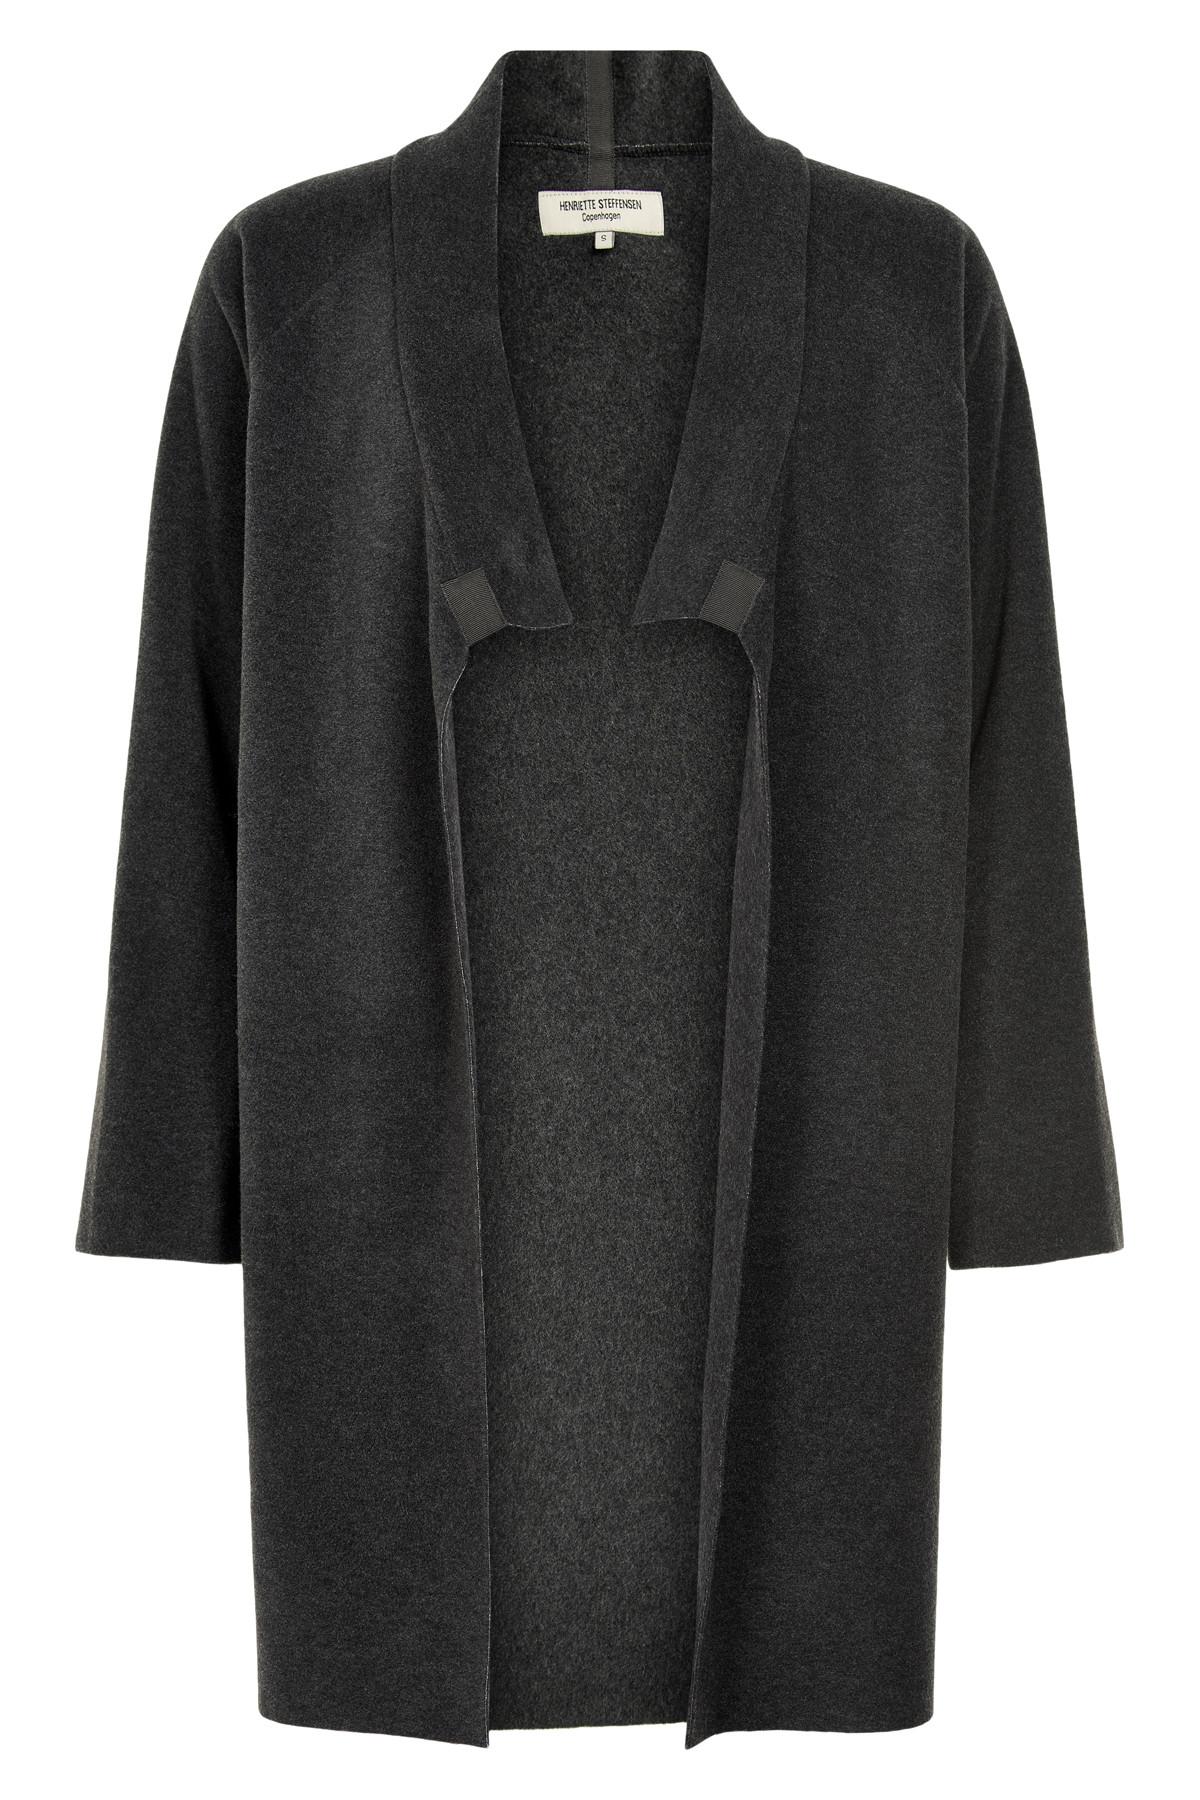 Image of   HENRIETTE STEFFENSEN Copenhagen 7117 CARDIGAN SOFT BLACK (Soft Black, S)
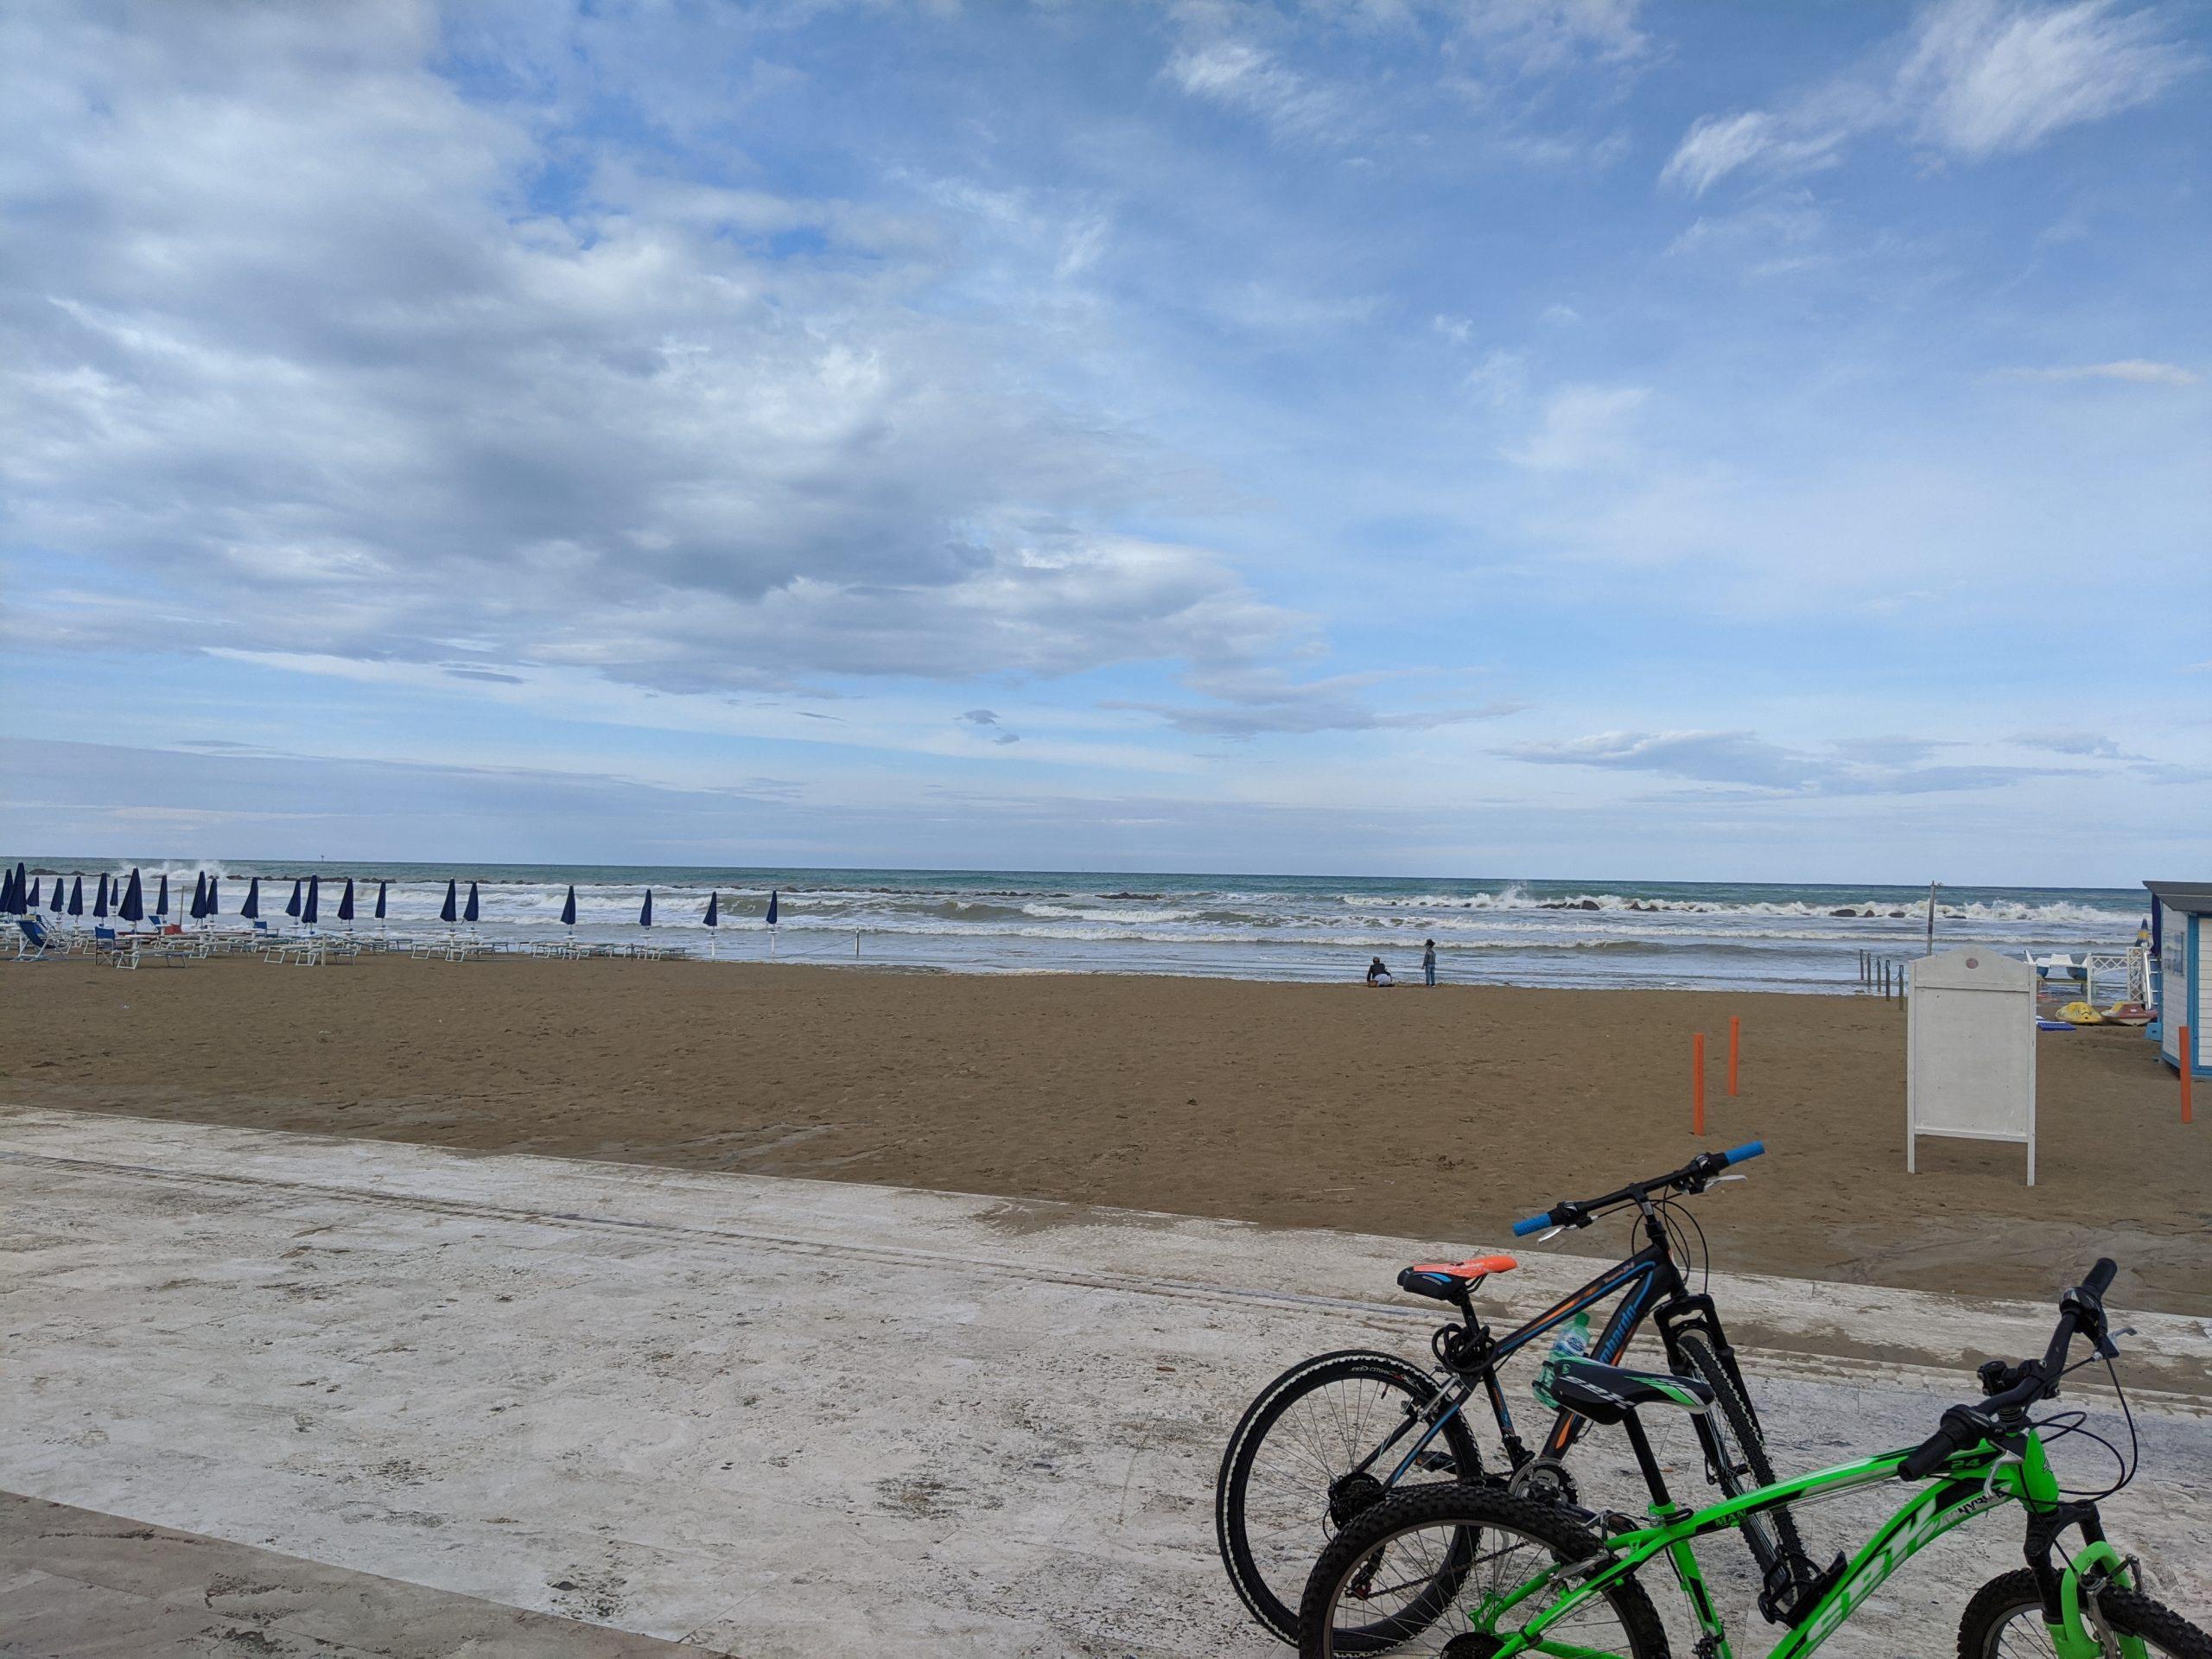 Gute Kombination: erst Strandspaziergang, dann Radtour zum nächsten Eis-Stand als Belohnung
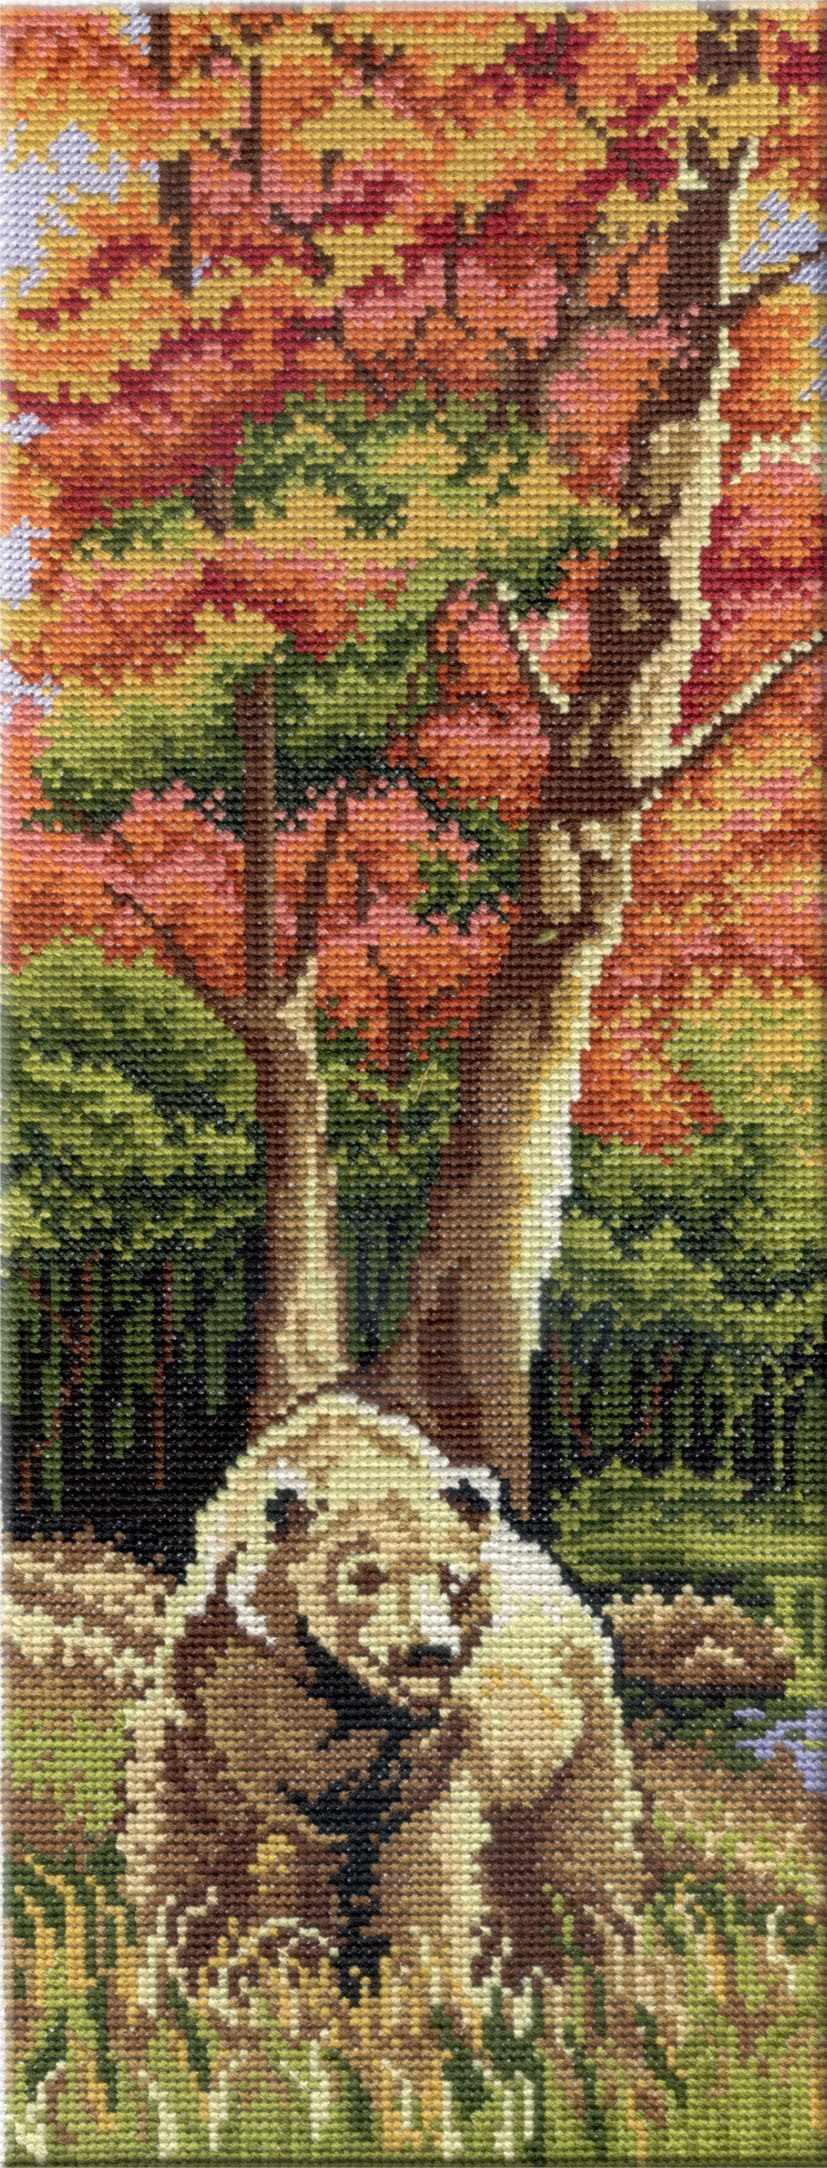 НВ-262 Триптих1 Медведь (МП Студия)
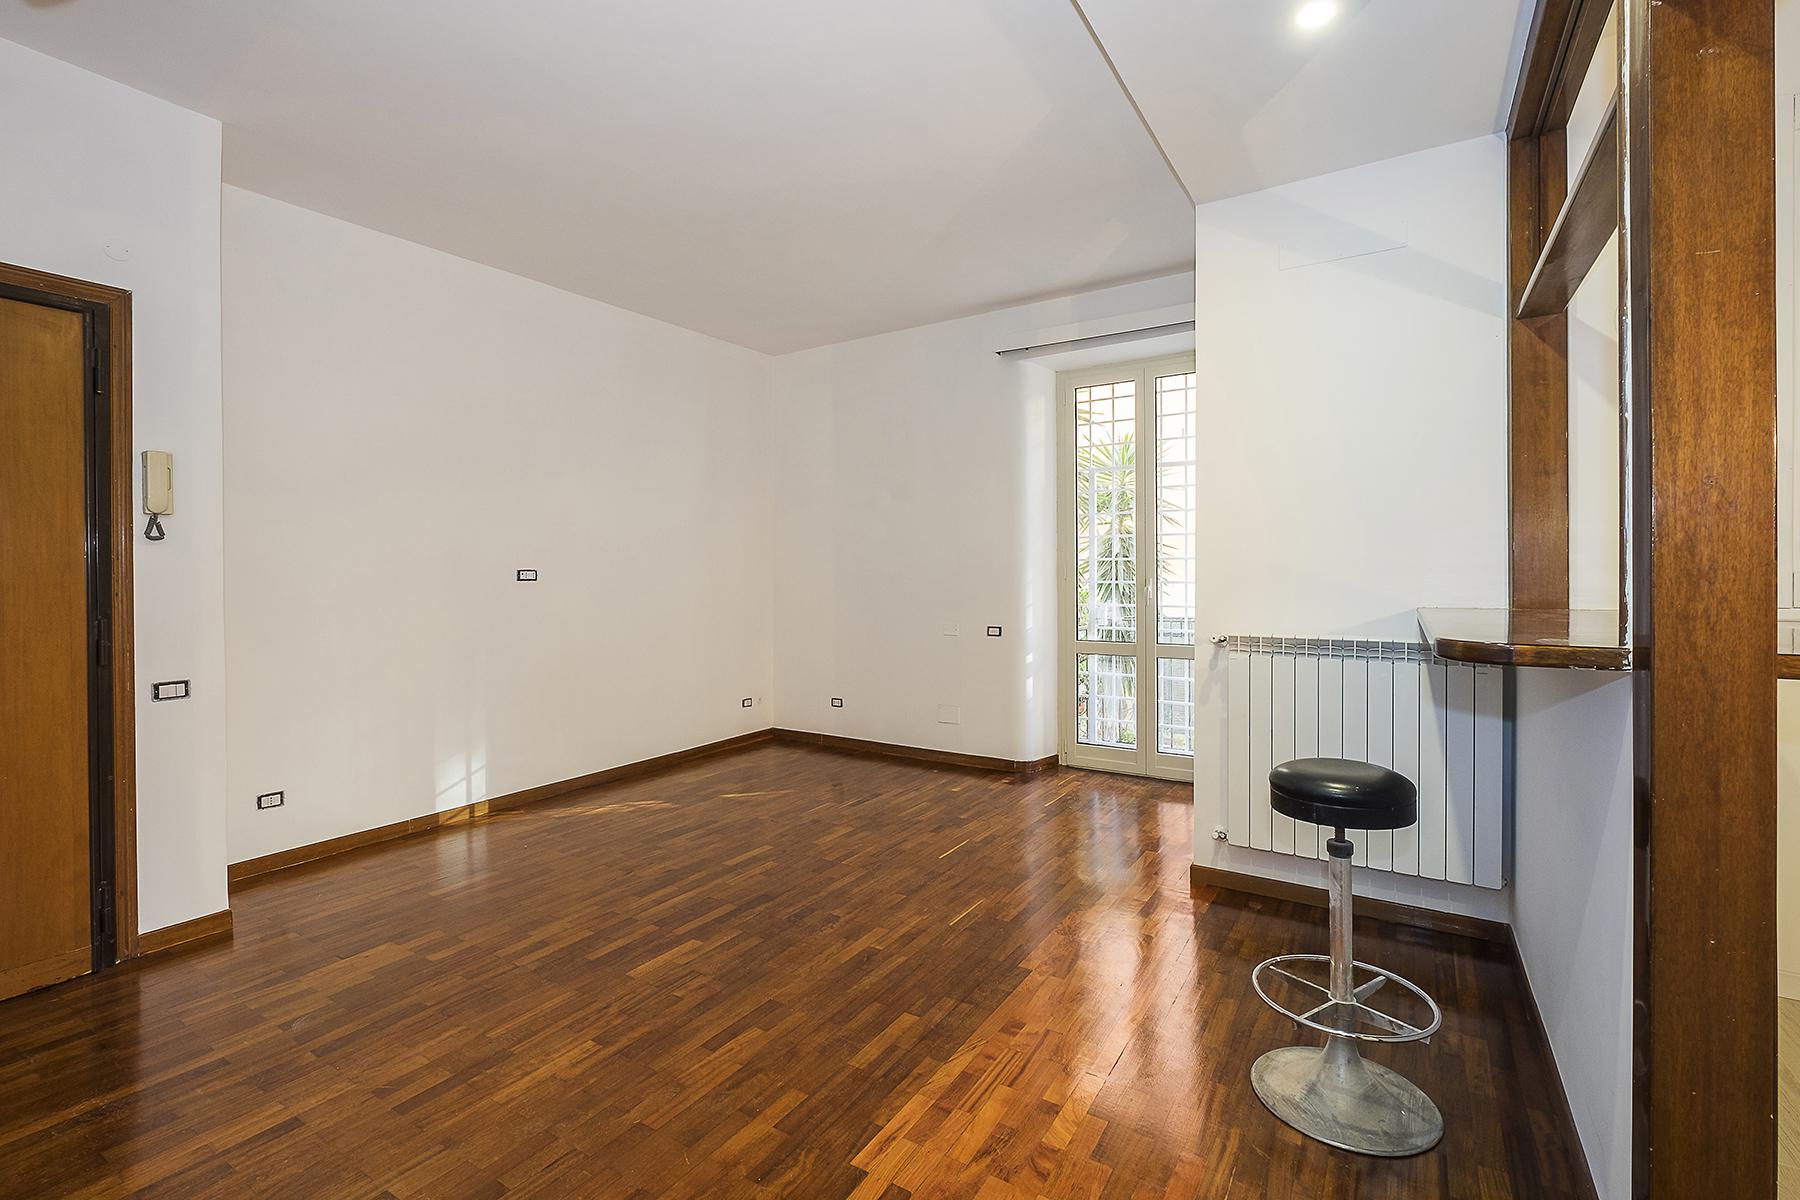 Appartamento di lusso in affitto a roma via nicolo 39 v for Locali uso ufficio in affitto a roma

EXERCISE PROMPT:
A verbatim copy of the material, pictures excluded, is what must be produced.

SOLUTION:
 Image of   HENRIETTE STEFFENSEN Copenhagen 7117 CARDIGAN SOFT BLACK (Soft Black, S)
 Gute Kombination: erst Strandspaziergang, dann Radtour zum nächsten Eis-Stand als Belohnung
 НВ-262 Триптих1 Медведь (МП Студия)
 Appartamento di lusso in affitto a roma via nicolo 39 v for Locali uso ufficio in affitto a roma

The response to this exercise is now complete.